Chers Laure Ats
Chers lauréats, chères lauréates,
Je vais, sans complaisance, me livrer au difficile exercice du discours de bienvenue, de la scène d’exposition de cette longue pièce que sera votre carrière. Je dirai mon morceau obligé, ma tirade, celle des conseils, du « sermon » disent les jeunes… un peu impatients et excédés.
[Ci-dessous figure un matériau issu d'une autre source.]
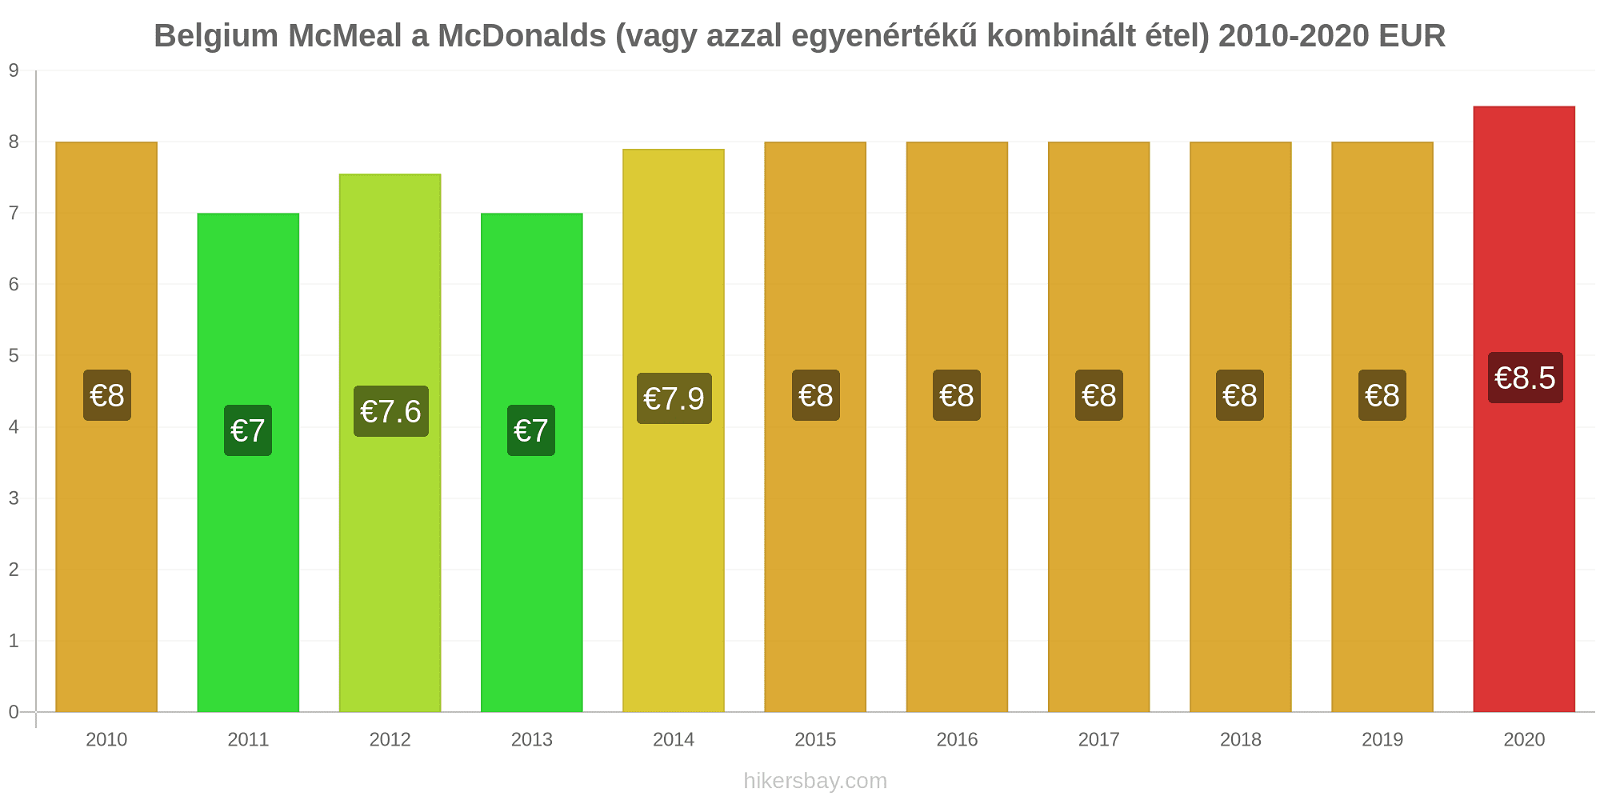 Belgium árváltozások McMeal a McDonalds (vagy azzal egyenértékű kombinált étel) hikersbay.com

Vous avez une chance immense, vous le savez. Pourquoi ? Parce que vous serez regardés, admirés, adulés parfois, et que tous les yeux seront rivés sur vous. Parce que vous pourrez, dans votre unique existence, vivre plusieurs vies, aimer plusieurs fois, mourir cent fois et toujours renaître… Parce que vous vibrerez d’émotions plus intenses, plus fortes, plus extrêmes que le public qui vous observe… Parce que vous pourrez mettre vos pas dans les traces de monstres sacrés qui vous ont précédés : la Champmeslé, Mlle Mars, Talma ou Frédérick Lemaître, Sarah Bernhardt, Louis Jouvet… Dure concurrence, me direz-vous ; soit, mais le défi vaut la peine d’être relevé.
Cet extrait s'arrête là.